### About this task
All of the entries need to be written out again, exactly as they are.

### Supplied records
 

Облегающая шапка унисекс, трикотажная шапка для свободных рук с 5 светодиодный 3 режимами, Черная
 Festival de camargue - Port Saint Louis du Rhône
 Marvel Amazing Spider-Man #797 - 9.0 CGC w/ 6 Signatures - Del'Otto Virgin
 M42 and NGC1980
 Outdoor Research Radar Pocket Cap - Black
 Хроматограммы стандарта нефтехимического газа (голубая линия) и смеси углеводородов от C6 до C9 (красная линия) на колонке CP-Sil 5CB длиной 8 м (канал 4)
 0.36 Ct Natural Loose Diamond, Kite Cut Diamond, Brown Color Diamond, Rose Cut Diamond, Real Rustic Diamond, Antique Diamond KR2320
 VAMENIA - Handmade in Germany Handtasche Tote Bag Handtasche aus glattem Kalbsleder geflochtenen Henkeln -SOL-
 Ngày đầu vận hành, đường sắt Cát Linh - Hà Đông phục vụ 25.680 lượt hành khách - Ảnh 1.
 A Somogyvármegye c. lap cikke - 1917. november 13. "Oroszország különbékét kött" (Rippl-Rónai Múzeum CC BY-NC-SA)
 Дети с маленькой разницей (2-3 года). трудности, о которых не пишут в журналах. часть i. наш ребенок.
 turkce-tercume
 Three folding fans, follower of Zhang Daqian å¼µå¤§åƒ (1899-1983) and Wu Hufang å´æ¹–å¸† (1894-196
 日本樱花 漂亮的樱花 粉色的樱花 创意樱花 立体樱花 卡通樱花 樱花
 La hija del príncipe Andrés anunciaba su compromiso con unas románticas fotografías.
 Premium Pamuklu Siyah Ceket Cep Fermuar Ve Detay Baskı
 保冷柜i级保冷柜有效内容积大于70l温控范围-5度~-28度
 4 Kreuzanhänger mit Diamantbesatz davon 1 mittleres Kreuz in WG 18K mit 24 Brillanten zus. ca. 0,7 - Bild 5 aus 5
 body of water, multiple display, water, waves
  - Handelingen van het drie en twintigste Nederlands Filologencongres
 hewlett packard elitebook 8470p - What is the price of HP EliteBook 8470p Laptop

### Solved exercise
Облегающая шапка унисекс, трикотажная шапка для свободных рук с 5 светодиодный 3 режимами, Черная
 Festival de camargue - Port Saint Louis du Rhône
 Marvel Amazing Spider-Man #797 - 9.0 CGC w/ 6 Signatures - Del'Otto Virgin
 M42 and NGC1980
 Outdoor Research Radar Pocket Cap - Black
 Хроматограммы стандарта нефтехимического газа (голубая линия) и смеси углеводородов от C6 до C9 (красная линия) на колонке CP-Sil 5CB длиной 8 м (канал 4)
 0.36 Ct Natural Loose Diamond, Kite Cut Diamond, Brown Color Diamond, Rose Cut Diamond, Real Rustic Diamond, Antique Diamond KR2320
 VAMENIA - Handmade in Germany Handtasche Tote Bag Handtasche aus glattem Kalbsleder geflochtenen Henkeln -SOL-
 Ngày đầu vận hành, đường sắt Cát Linh - Hà Đông phục vụ 25.680 lượt hành khách - Ảnh 1.
 A Somogyvármegye c. lap cikke - 1917. november 13. "Oroszország különbékét kött" (Rippl-Rónai Múzeum CC BY-NC-SA)
 Дети с маленькой разницей (2-3 года). трудности, о которых не пишут в журналах. часть i. наш ребенок.
 turkce-tercume
 Three folding fans, follower of Zhang Daqian å¼µå¤§åƒ (1899-1983) and Wu Hufang å´æ¹–å¸† (1894-196
 日本樱花 漂亮的樱花 粉色的樱花 创意樱花 立体樱花 卡通樱花 樱花
 La hija del príncipe Andrés anunciaba su compromiso con unas románticas fotografías.
 Premium Pamuklu Siyah Ceket Cep Fermuar Ve Detay Baskı
 保冷柜i级保冷柜有效内容积大于70l温控范围-5度~-28度
 4 Kreuzanhänger mit Diamantbesatz davon 1 mittleres Kreuz in WG 18K mit 24 Brillanten zus. ca. 0,7 - Bild 5 aus 5
 body of water, multiple display, water, waves
  - Handelingen van het drie en twintigste Nederlands Filologencongres
 hewlett packard elitebook 8470p - What is the price of HP EliteBook 8470p Laptop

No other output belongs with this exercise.